Hiho the 124th week #1421: four fork Tree "two-dimensional line segment tree"

#1421: Four fork tree time limit: 20000ms single point limit: 2000ms memory limit: 256MB description

Little ho: Next weekend we're going to play in the next city.

Small hi: Anyway, very close to the back, good ah.

Little ho: Well, let me start by planning the route.

Little Ho opened the map app in the phone and moved the coordinates to the city next door. A variety of shops are displayed on the street map.

Little hi: Little ho, do you know how the map app calculates the shops around you?

Little ho: Hey. Didn't think about it.

Little hi: Actually this is also a very interesting question. Let's first simplify the model, assuming there is a plan with n points distributed above, and the coordinates of the point I are (X[i],y[i]).

Little ho: Use points to represent shops.

Little hi: Yes, and if we are in the coordinates of (a A, A, b), then we have a radius of R in the range (including the edge), how many points?

Little ho: It feels like a very interesting question, let me think about it.

Tip: Four fork tree (quadtree) input

Line 1th: 2 integer n,m. 1≤n≤50,000,0≤m≤5,000.

2nd.. N+1 line: 2 integers per line x, Y, line i+1 represents the coordinates of the point I, guaranteed no duplicate points. 0≤x,y≤30,000

Line n+2..n+m+1:3 integer a,b,r per line, indicating the center coordinate (a, b) of the query, and radius R. 0≤a,b,r≤30,000 Output

1th.. M-line: 1 integers per line, and line I indicates the number of points in the center of the (x, y) query. Sample input

2 2
1 1
2 2
2 2 1
2 2 2

Sample output

1
2

tip: Four fork tree (quadtree)

Little ho: The simple idea is that I use a two-dimensional array to represent the entire floor plan. Assuming the range of coordinates is L, a l*l array is required.

For (A, B) and R, I check the b-r column to the B+r column of the a-r to the A+r row to see if there is a bit, and the point to (A, b) is less than or equal to R.

For L more than 10000 of the situation there is no way to achieve.

Little hi: Yes, in the case of large coordinate ranges and points, there is a real problem.

Little ho: I was wondering if I could divide the whole area into small areas, each time in a small area nearby to find the nearest point.

Little hi: Little ho You have a great idea, and we might as well try it.
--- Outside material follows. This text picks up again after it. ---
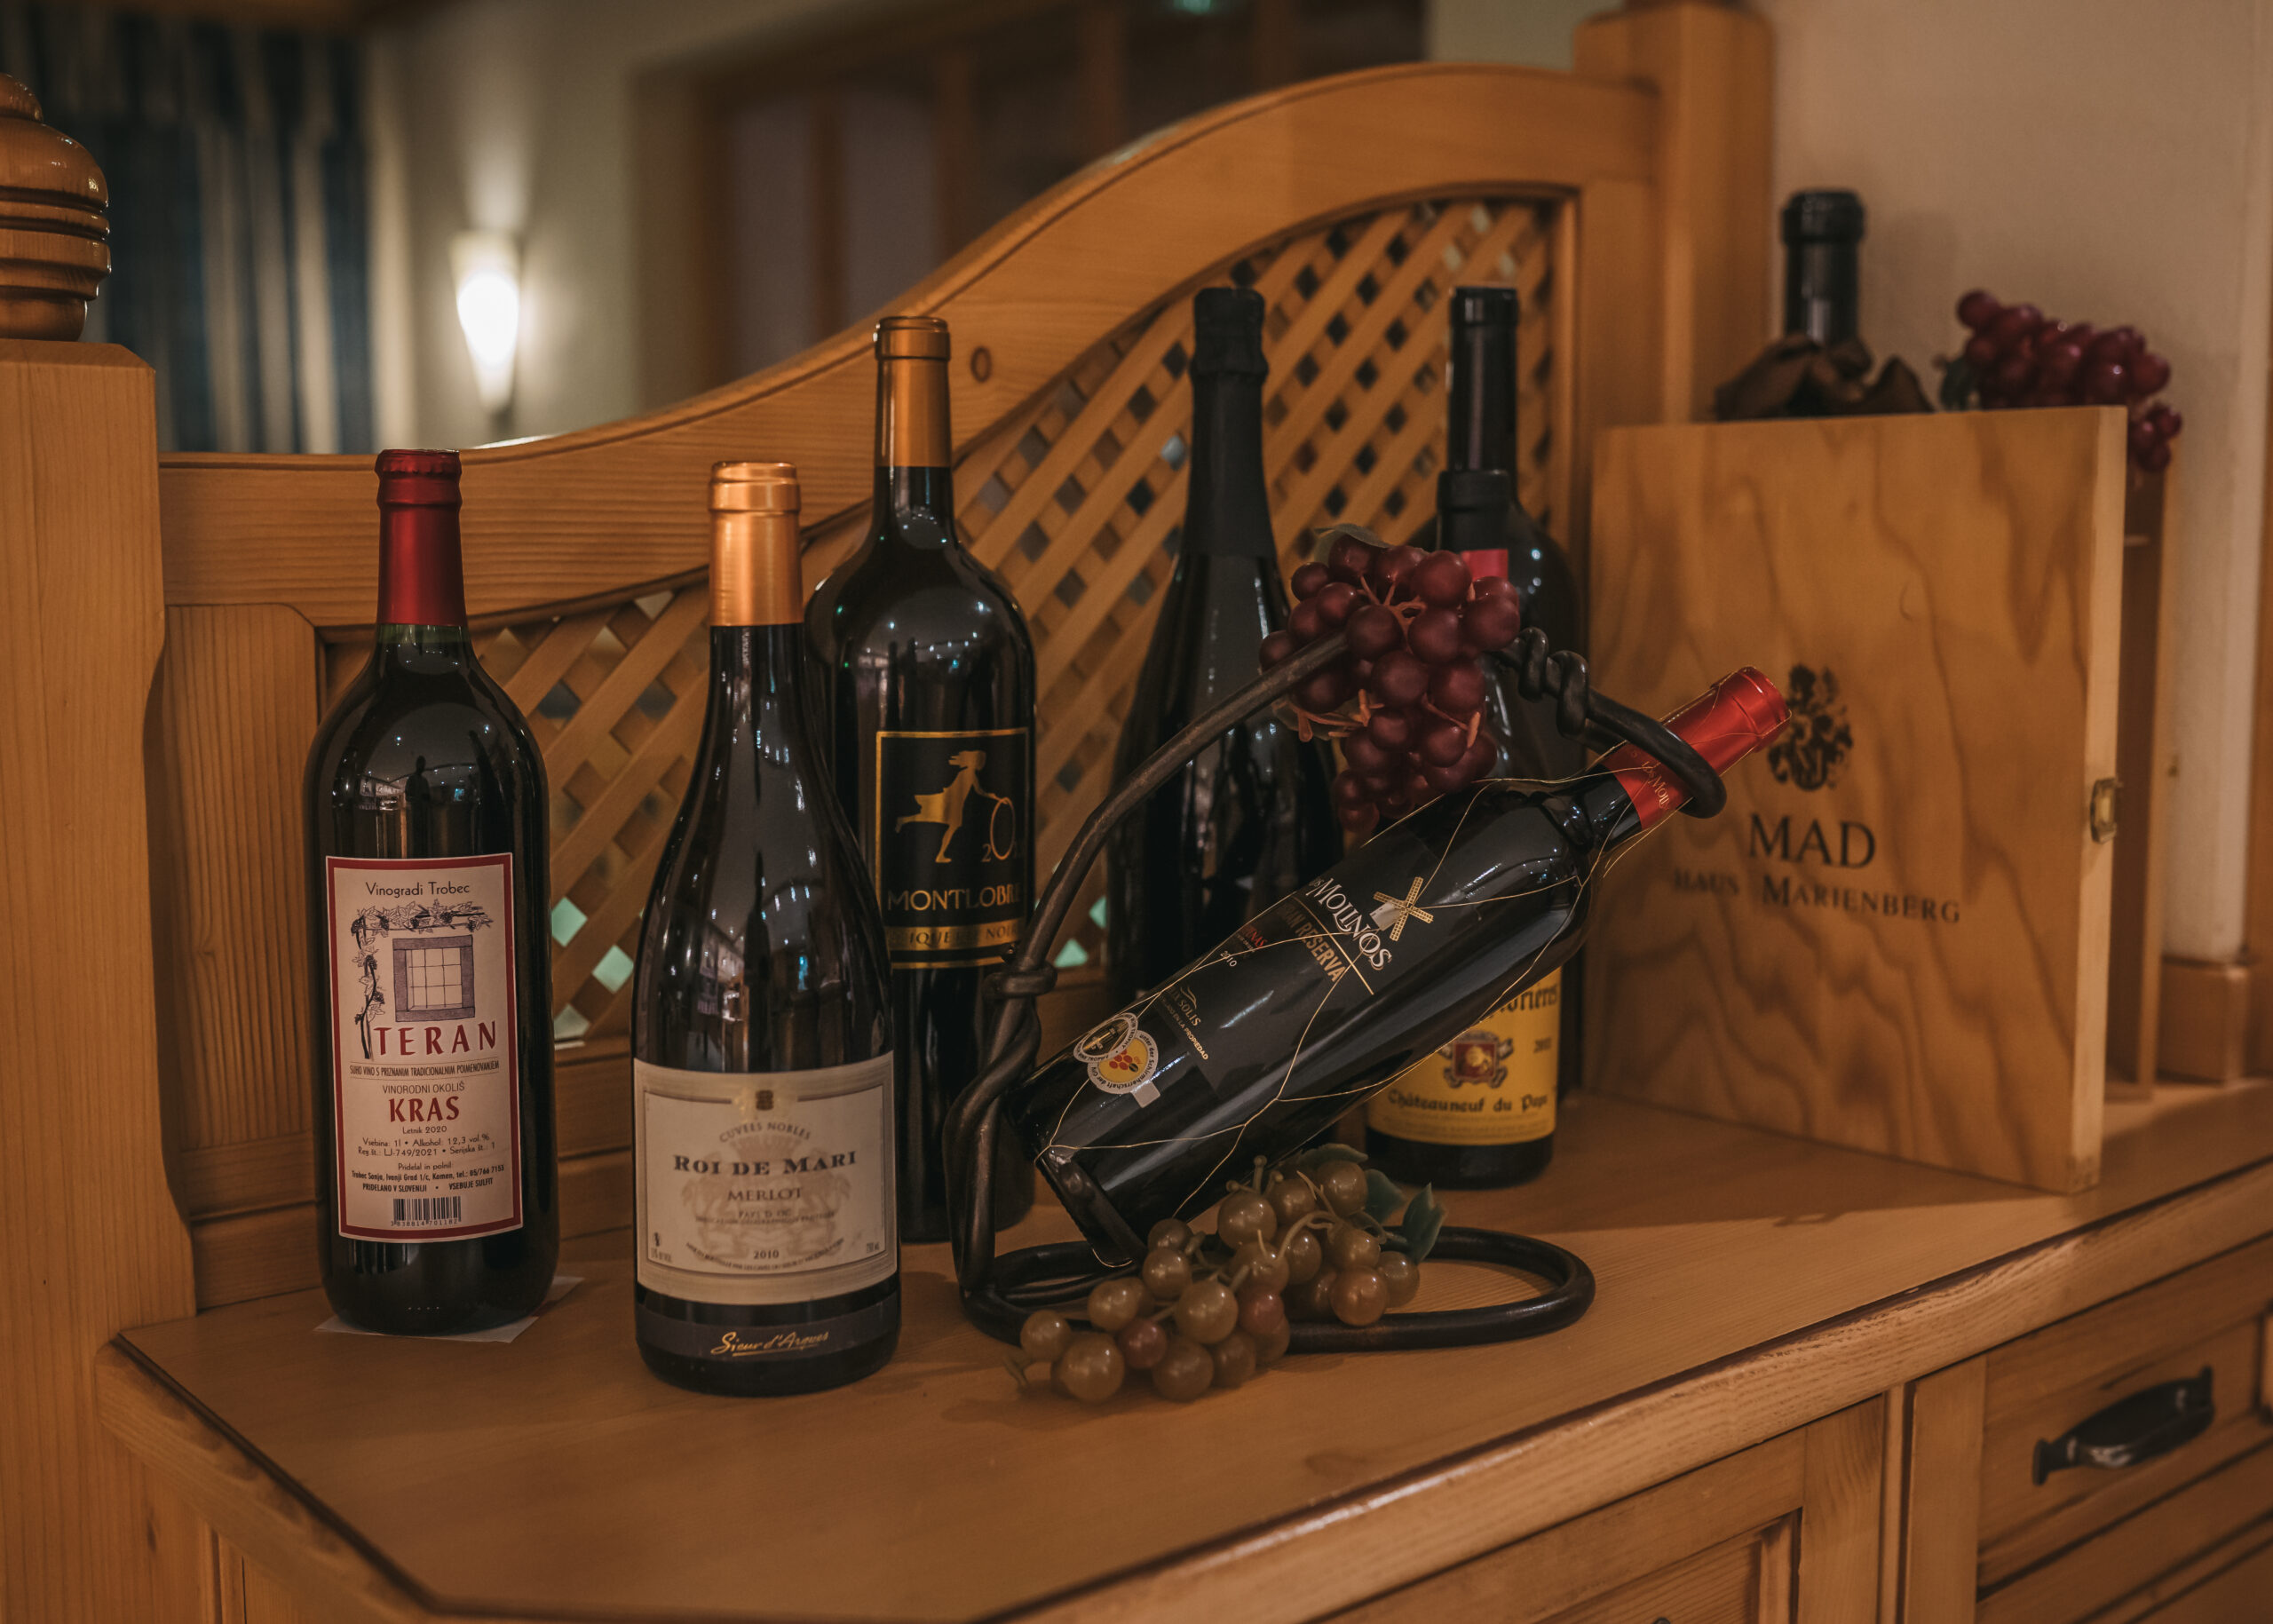 Eine sorgfältig ausgewählte Weinsammlung, darunter Flaschen von Teran und Roi de Mari Merlot, arrangiert auf einem Holztisch neben Weintrauben

Little ho: How should that be divided?

Little hi: Do you remember the line tree? In the processing of the segment tree, we divide an interval from one point into two segments. Here we also use the same method to divide a region into 4 pieces:

From top to bottom, from left to right, labeled 1234 respectively.
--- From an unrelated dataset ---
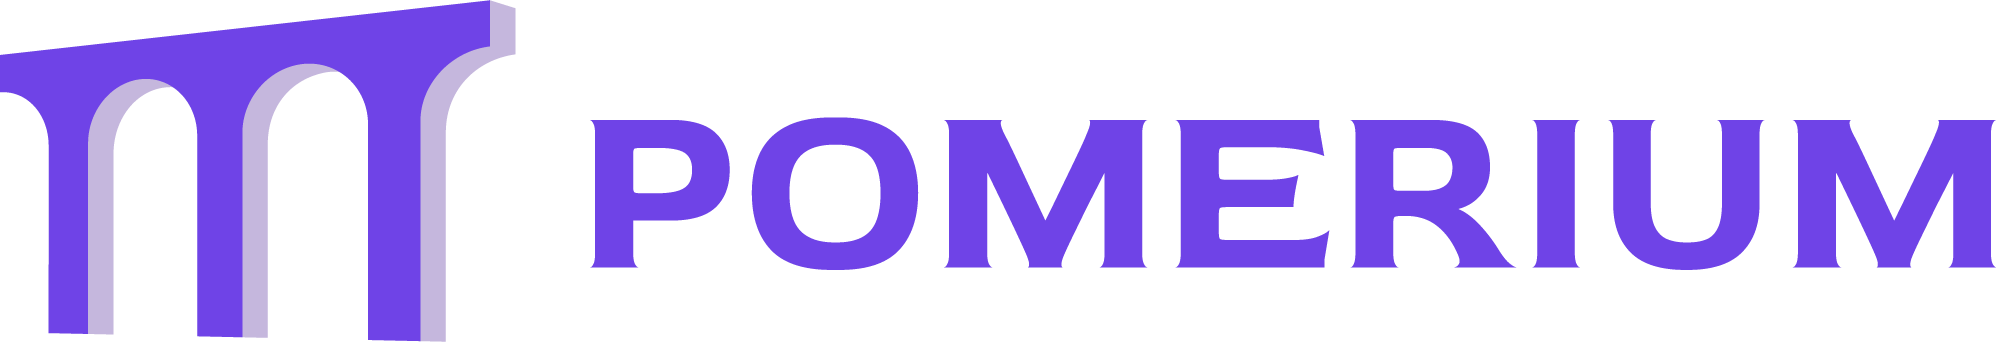 pomerium logo

We put all the points into these areas, in order to make an area in the number of points not too much, we set an area of the number of points limit.

If there are too many points in an area, we will take this area four points and put the new point in the sub-region.

Little ho: Sounds like a lot of sense.

Little hi: Of course it makes sense that this data structure is called "Quadtree (Quadtree)". Each of its basic units is:

Quadtreenode:
	const node_capacity;//Each node contains a limit of the number of points, a constant
	boundary;//The range of the node, which contains 4 parameters, the upper and lower left and right border of the region
	points; A list of nodes within the region
	Childnode;//contains 4 parameters representing 4 sub-regions

Assuming Node_capacity=1, then we can divide the entire region into:

Little ho: Well, I understand that, because it is similar to a line tree, then there is the same insert and query operation.

Little hi: Yes.

Quadtree insert operation: When inserting a new node (x, y), if it is not in the current region, exit, otherwise add it to the node list of the zone points, if the node list for the current region is full. Then the area is four points, and the node is added to the sub-region.

Insert (Quadtreenode Nownode, point P):
	if (p not in nownode.boundary) then
		Return 
	End if
	if ( NowNode.points.length < node_capacity)
		then NowNode.points.append (p)
	Else
		nownode.divide ()//area four min. For each
		Childnode of Nownode
			inserts (Childnode, p)
		end for
	end If

A quad-tree query operation is typically a range of points, so the parameters that are brought in are also an area range:

Query (Quadtreenode nownode, Range):
	If (Quadtreenode.boundary does not intersect range) then
		//The region of the node does not intersect the query area C2/>return empty
	End if for each
	p in nownode.points
		if (p in range) and then
			Pointsinrange.append (p)
		End
	for the If
	(nownode.isdivide)
		then//If the zone has been partitioned, then the nodes in the sub-zone may also be in
		the for each childnode of Nownode
			Query (childnode, range)
		end for
	end If
	Return Pointsinrange

In our question, we can use a circle of external squares as an area to find a list of points, and then check whether it is within the circle.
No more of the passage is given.